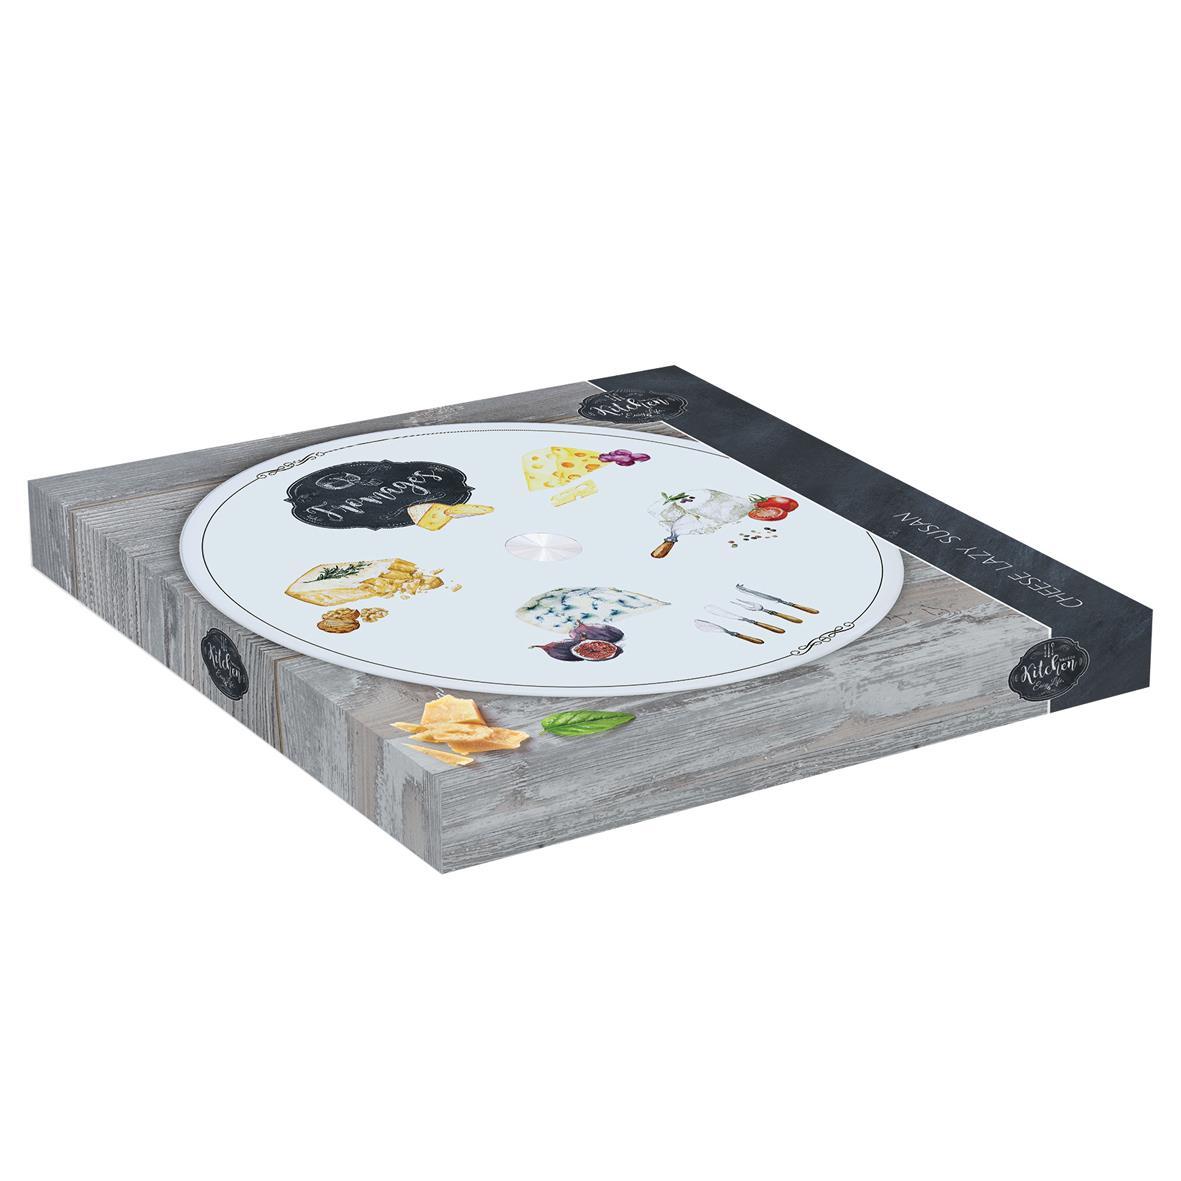 Сервировочная тарелка на подставке для сыра Easy Life KITCHEN BASIC FROMAGES, 32 см
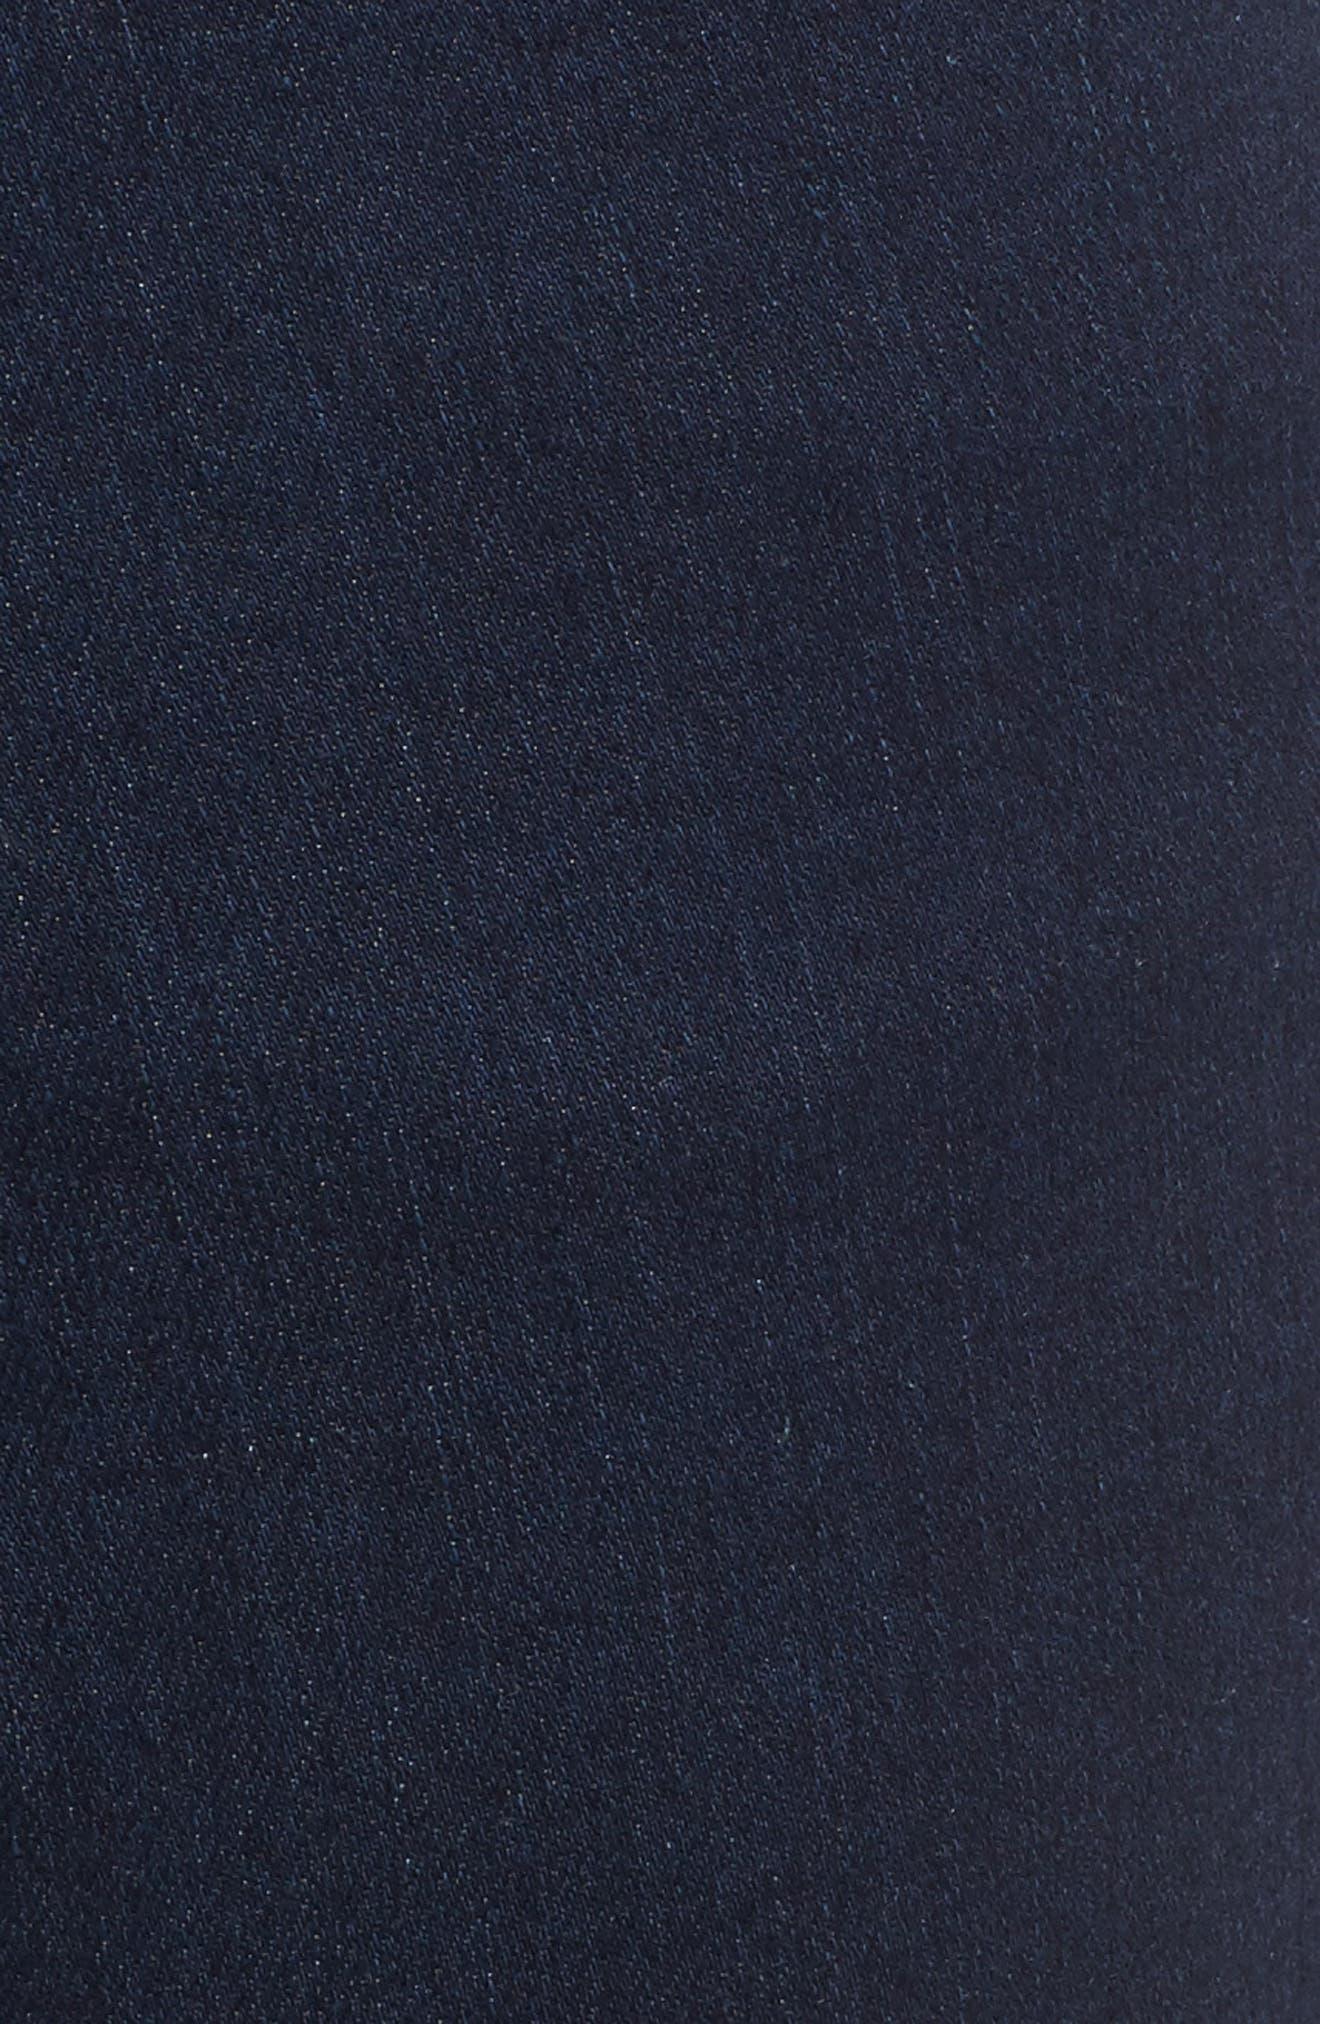 Peri Pull-On Straight Leg Jeans,                             Alternate thumbnail 5, color,                             DARK INDIGO
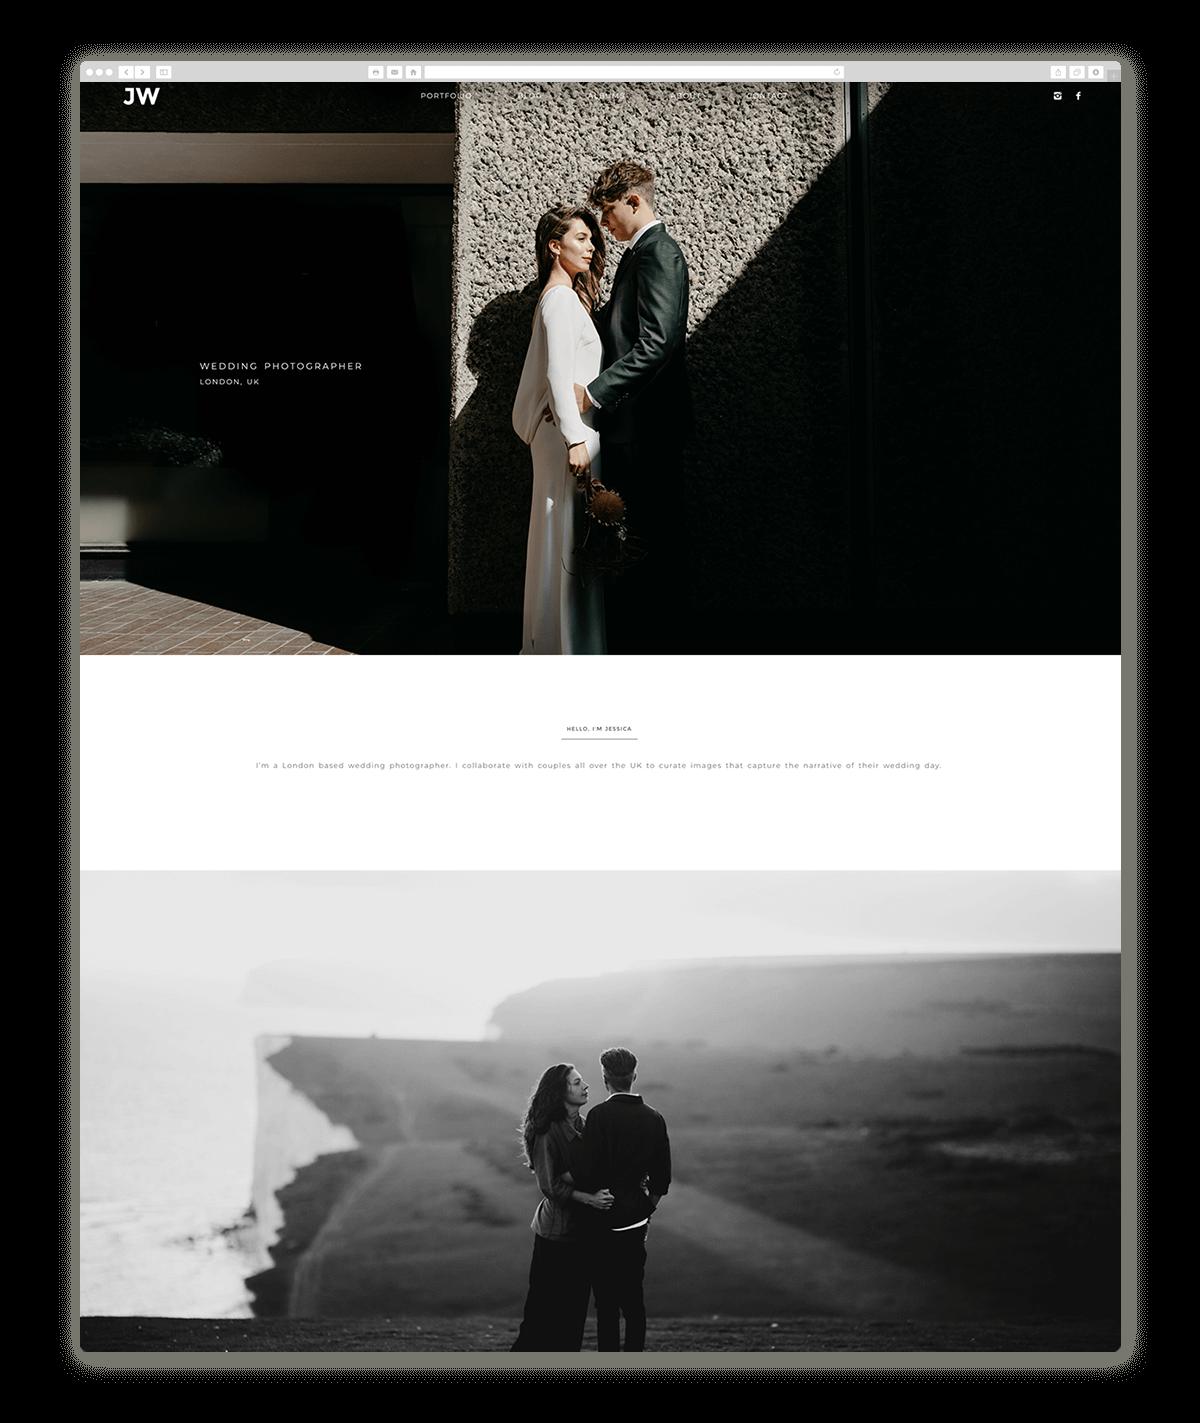 jessica-williams-photography
⁂
▸ Required action:
Every line above should be printed again word for word, without its pictures.

▸ Finished task:
 Сервировочная тарелка на подставке для сыра Easy Life KITCHEN BASIC FROMAGES, 32 см
 Peri Pull-On Straight Leg Jeans,                             Alternate thumbnail 5, color,                             DARK INDIGO
 jessica-williams-photography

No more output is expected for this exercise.